Deferred comp is only available to senior management and other highly compensated employees of companies. Although DC is not restricted to public companies, there must be a serious risk that a key employee could leave for a competitor and deferred comp is a "sweetener" to try to entice them to stay. If a company is closely held (i.e. owned by a family, or a small group of related people), the IRS will look much more closely at the potential risk to the company.

  1. Assets in plans that fall under ERISA (for example, a 401(k) plan) must be put in a trust for the sole benefit of its employees. If a company goes bankrupt, creditors are not allowed to get assets inside the company's ERISA plan. Deferred comp, because it does not fall under ERISA, is a general asset of the corporation. While the corporation may choose to not invade those assets as a courtesy, legally they are allowed to, and may be forced to, give deferred compensation assets to creditors in the case of a bankruptcy. A special kind of trust called a rabbi trust (because it was first used in the compensation plan for a rabbi) may be used. A rabbi trust puts a "fence" around the money inside the corporation and protects it from being raided for most uses other than the corporation's bankruptcy/insolvency. However, plan participants may not receive a guarantee that they will be paid prior to creditors being paid in case of insolvency.
  2. Federal income tax rates change frequently. Deferred compensation has tax benefits if the income tax rates are lower when the compensation is withdrawn then when it was "deposited" (i.e. at the time it was deferred), and tax disadvantages if the reverse is true.

Deferred comp agreements

Plans are usually put in place either at the request of executives or as an incentive by the Board of Directors. They're drafted by lawyers, recorded in the Board minutes with parameters defined. There is a doctrine called constructive receipt, which means an executive cannot have control of the investment choices or the option to receive the money whenever he wants. If he is allowed to do either of those 2 things or both, he often has to pay taxes on it right away.

Taxation

In a deferred comp plan, unlike an ERISA (such as a 401(k) plan), the company does not get to deduct the taxes in the year the contribution is made, they deduct them the year the contribution becomes non-forfeitable. For example, if ABC company allows SVP John Smith to defer $200,000 of his compensation in 1990, which he will have the right to withdraw for the first time in the year 2000, ABC puts the money away for John in 1990, John pays taxes on it in 2000. If John keeps working there after 2000, it does not matter because he was allowed to receive it (or "constructively received") the money in 2000.

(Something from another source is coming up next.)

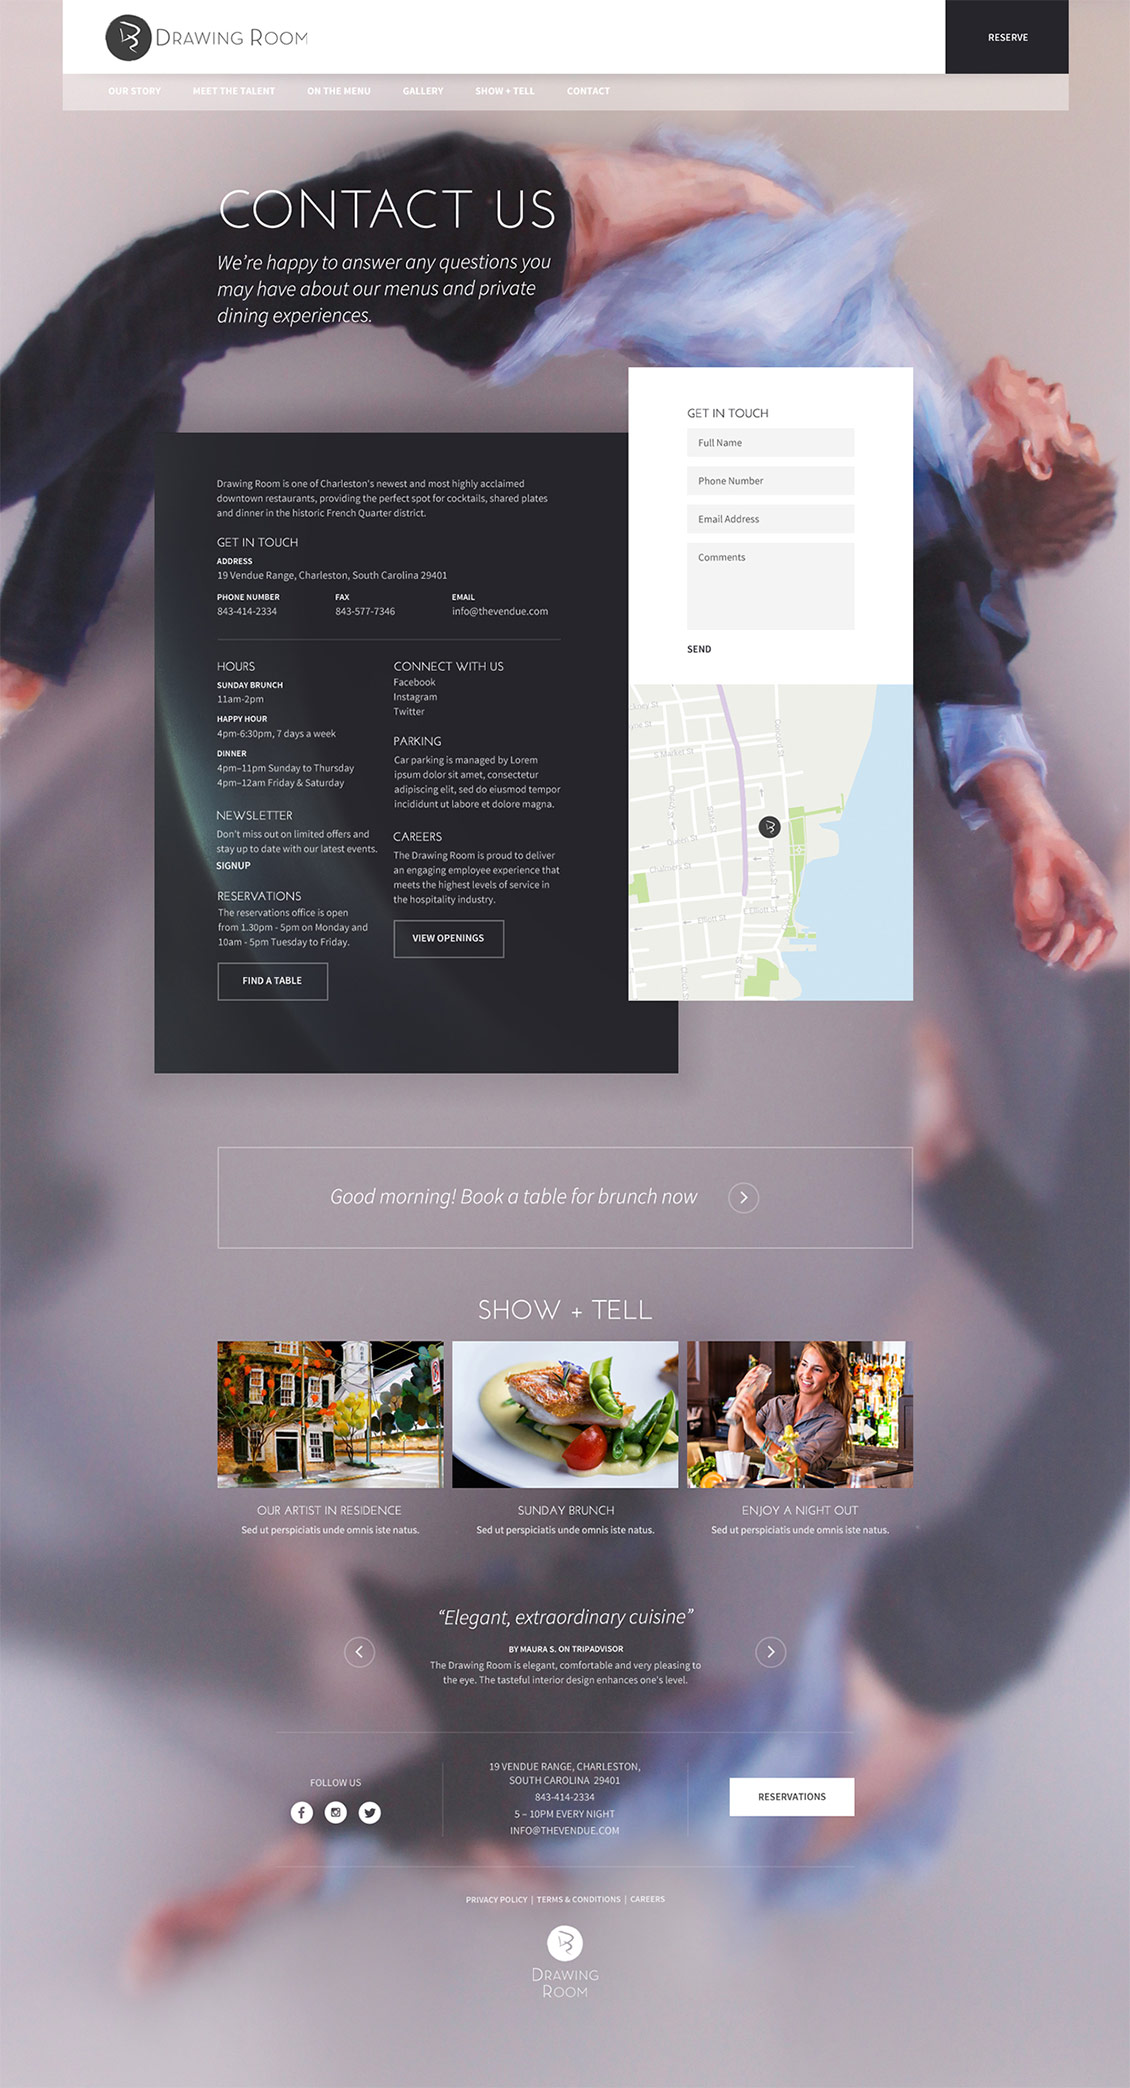 国外Drawing Room餐厅网站设计欣赏

Other circumstances around deferred comp. Most of the provisions around deferred comp are related to circumstances the employee's control (such as voluntary termination), however, deferred compensation often has a clause that says in the case of the employee's death or permanent disability, the plan will immediately vest and the employee (or estate) can get the money.

Performance-linked incentives

Long-term incentives are paid five or at least three years out. They are often a mixture of cash and shares of stock in the company, or some other type of equity compensation such as stock options, which are almost always subject to restrictions based on time, performance, or both, known as vesting.

Clawback of "faithless servant" employee compensation

Under the faithless servant doctrine, which is a doctrine under the laws of a number of states in the United States, and most notably New York State law, an employee who acts unfaithfully towards his or her employer must forfeit all compensation received during the period of disloyalty, which compensation is subject to clawback by the employer.